Stein investigates the operation of the municipal "Blatterhaus" (started in 1495, thus the first hospital in Germany specifically for this disease) and the two hospitals, also specifically for the treatment of sufferers of the French disease but restricted to Catholic patients, created as a charitable foundation by a famous Augsburg merchant family, the Fuggers, in 1524 and 1572. All three hospitals were for the treatment of the poor, and the author meticulously re-creates from the archives the criteria of admission: these included a documented lack of [End Page 122] means and a careful examination resulting in the diagnosis that the patient indeed suffered from the French disease but was not past cure.
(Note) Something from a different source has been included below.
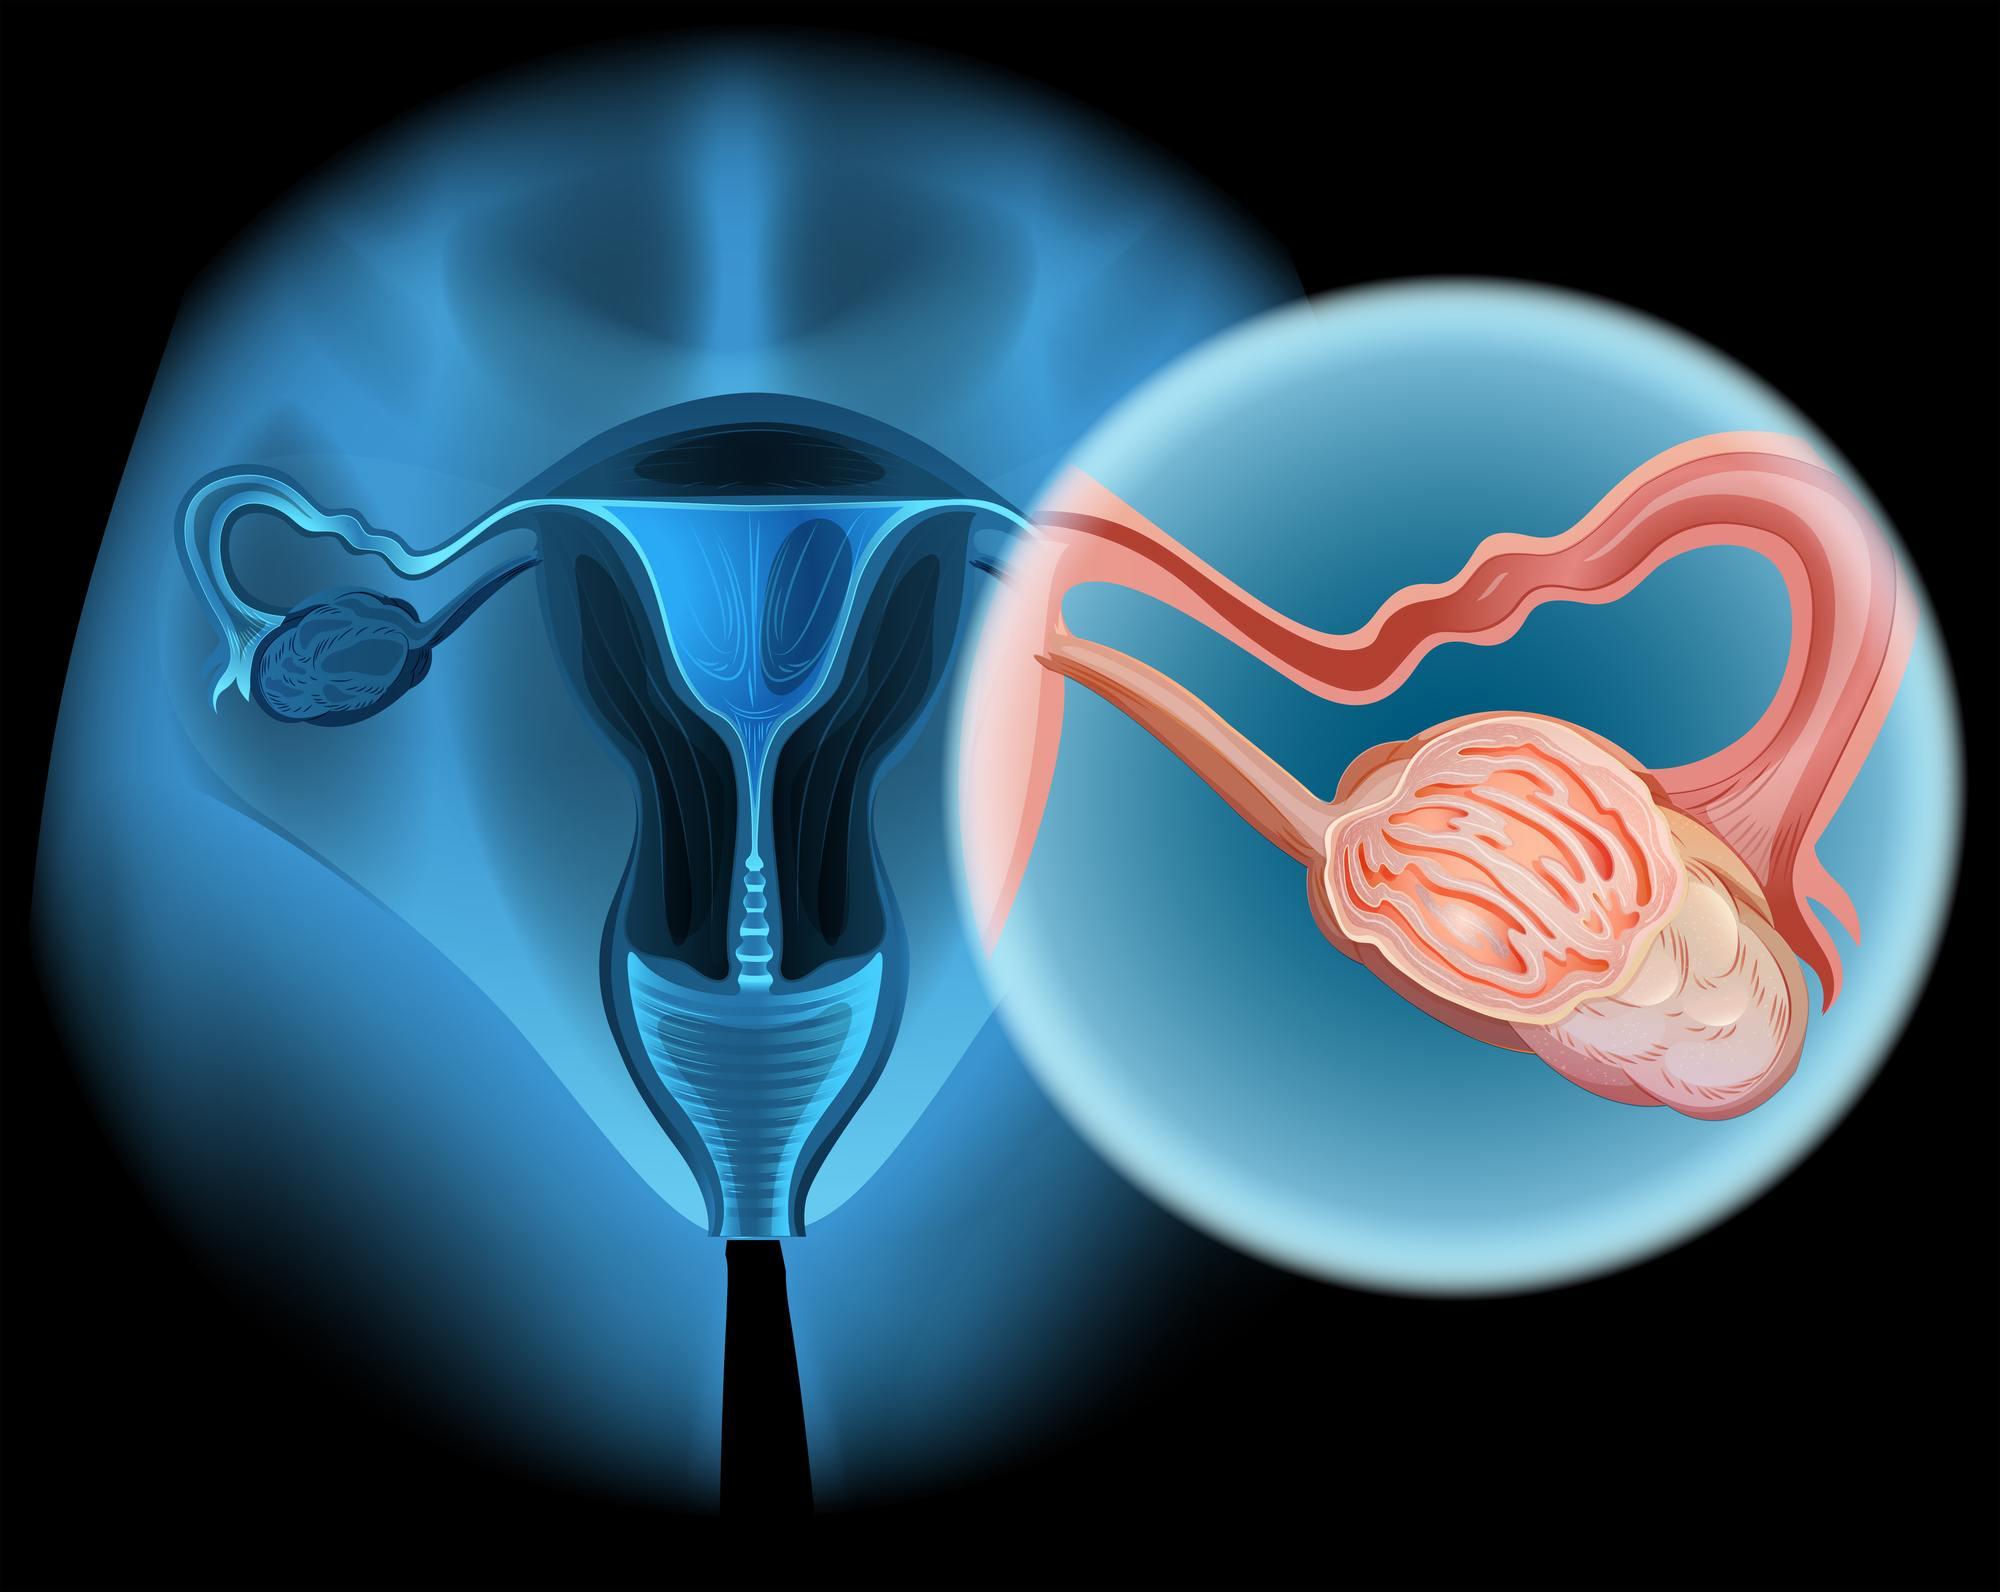 Έγκαιρη διάγνωση καρκίνου ωοθηκών με τεστ αίματος

In this context the author explodes, in a detailed, digressive Exkurs, the notion that the Fuggers had the exclusive importation rights of guaiacum wood from America—that is, a monopoly—as well as the related hypothesis, certainly not far-fetched if the idea of a monopoly were granted as fact, that the Fugger hospitals were created to promote the cure of syphilis by that wood. I admit to having taken for fact certainly the first half of this web of speculation, and I feel a sense of both unease and exhilaration at being shown rather convincingly that these are legends. My unease is only slightly alleviated by seeing some of the most famous names in the history of medicine in Stein's footnotes as propounders of the "myth." The exposition of these widely published notions as "legends" is alone worth the price of the book.
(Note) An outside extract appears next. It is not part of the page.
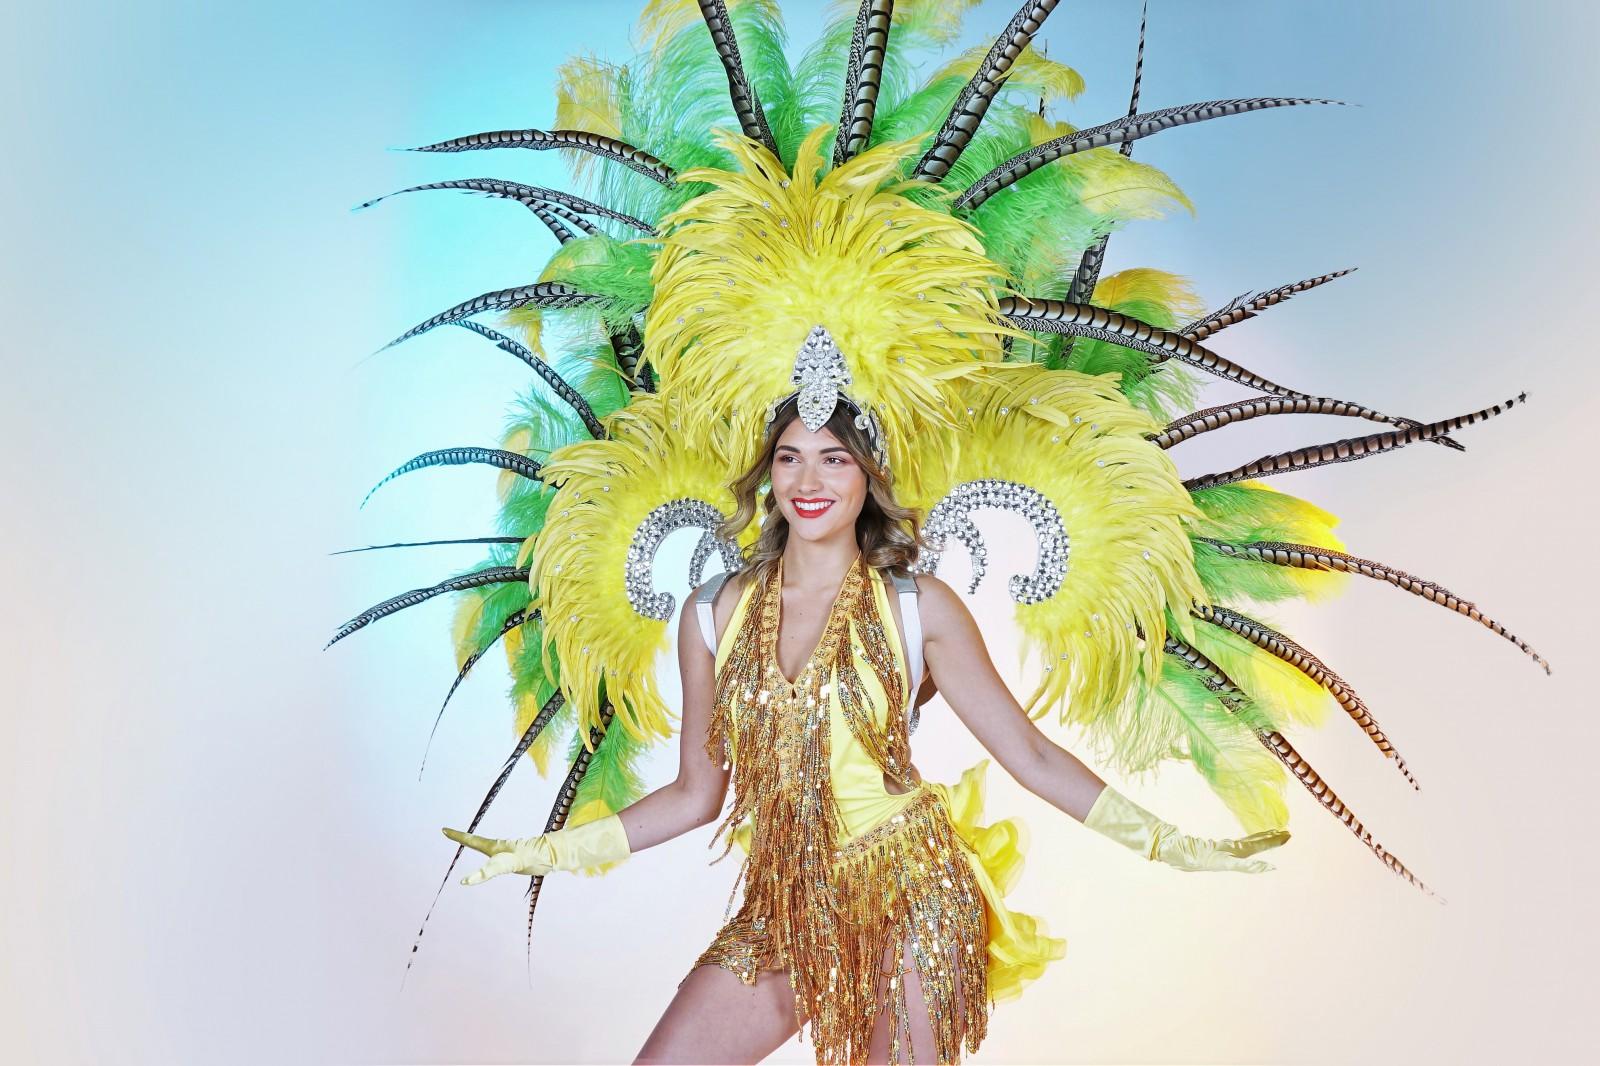 Zomer canaval, Rio de Janeiro entropische Samba danseres, zomer, carnival, salsa, veren dansshow

If, with all my admiration, I find some sections of this book a touch off-balance, it is because they seem somewhat ideologically driven. Stein programmatically clings to the term "French disease," because she feels that the word "syphilis" would falsify the medical historian's work, injecting modern and anachronistic notions—never mind that after Fracastoro a whole bunch of Renaissance "syphilographers," usually writing in Latin, used the term. Connected with this "anxiety of anachronism" is a thesis, not always openly argued, that early accounts and treatments of the disease did not recognize sexual transmission, and that discrimination and stigmatization because of syphilis was minimal or rare.